Triplets used for pattern detection.

Sheet 1: The 150 related triplets used for pattern detection are listed, with the root cell type of the triplet in the first column and the two leaves in second and third columns. Cell type names follow (Heng et al., 2008). For each triplet are listed the number of genes with a clear minimum in each cell type and a clear maximum in each cell type (t-test p-value < 0.005). Also listed for each triplet are the length of the triplet, whether the triplet is a lineage progression or a cell fate decision, whether the triplet contains a terminal node, and the entropy in the clear minimum pattern and clear maximum pattern. Sheet 2: The 100 unrelated triplets are listed; cell type names follow (Heng et al., 2008). For each triplet are listed the number of genes with a clear minimum in each cell type and a clear maximum in each cell type (t-test p-value < 0.005) and the entropy in the clear minimum pattern and clear maximum pattern.

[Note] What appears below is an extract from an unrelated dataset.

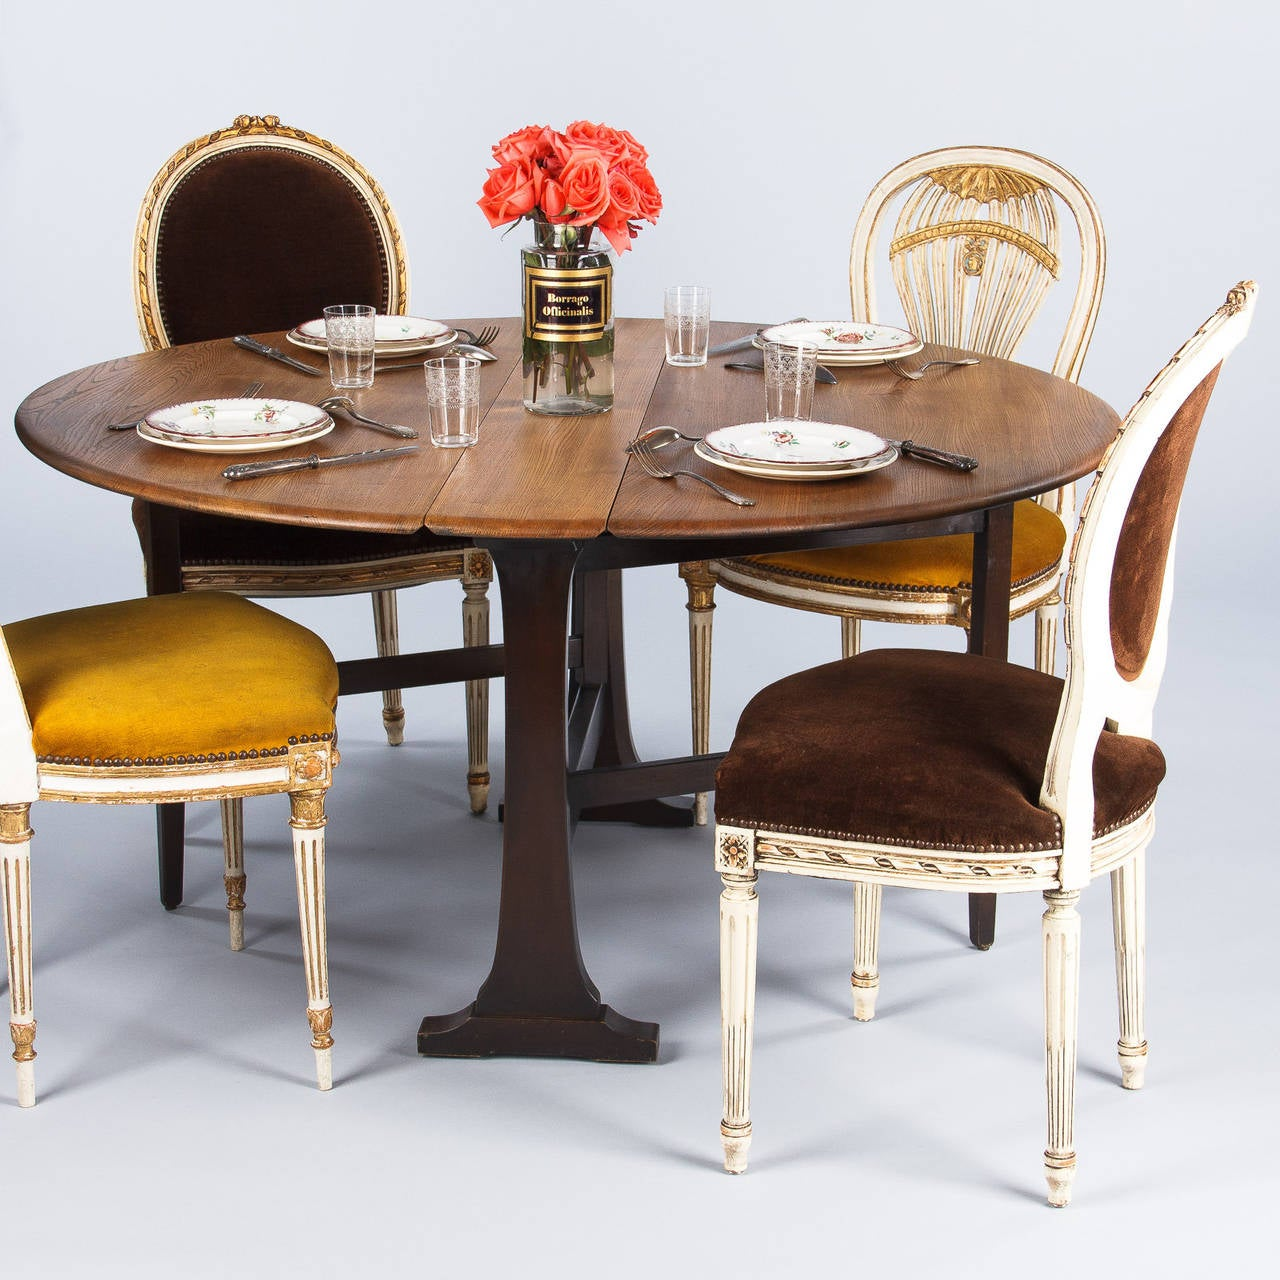 Midcentury Oak Gateleg Table by Ercol England at 1stdibs

https://doi.org/10.7554/eLife.20488.003
Figure 1—source data 2

List of mouse transcription factors.

The list of human transcription factors used to cluster and infer lineages for the hematopoietic and intestinal development trees. The list was adapted from (Thomson et al., 2011).

https://doi.org/10.7554/eLife.20488.004
Figure 1—figure supplement 1
Clear minimum and clear maximum patterns.

(A, B) We used a two-distribution t-test to quantify the likelihood of a gene (each denoted by a single dot) showing either the clear minimum (A) or clear maximum pattern (B).We show the p-value from this t-test and the cell type in which the gene shows differential expression. The p-value cutoff is used to identify genes which show these patterns with high significance (dotted line). In this particular triplet, there are fewer genes with a clear minimum and with a clear maximum in the root of the triplet (B.T1) than in either leaf, as seen by fewer genes in the first row to the right of the cutoff. (C) A histogram of the number of genes showing the clear maximum pattern among the 150 triplets with known developmental topology. Triplets in which the root as the most genes showing the pattern are shown in blue. The clear maximum pattern does not show strong predictive power over the lineage relationships between triplets, and even when a large number of genes exhibit the pattern, the majority often reach their maximum in a leaf.

https://doi.org/10.7554/eLife.20488.005
Figure 1—figure supplement 2
The clear minimum pattern is observed across different types of triplets.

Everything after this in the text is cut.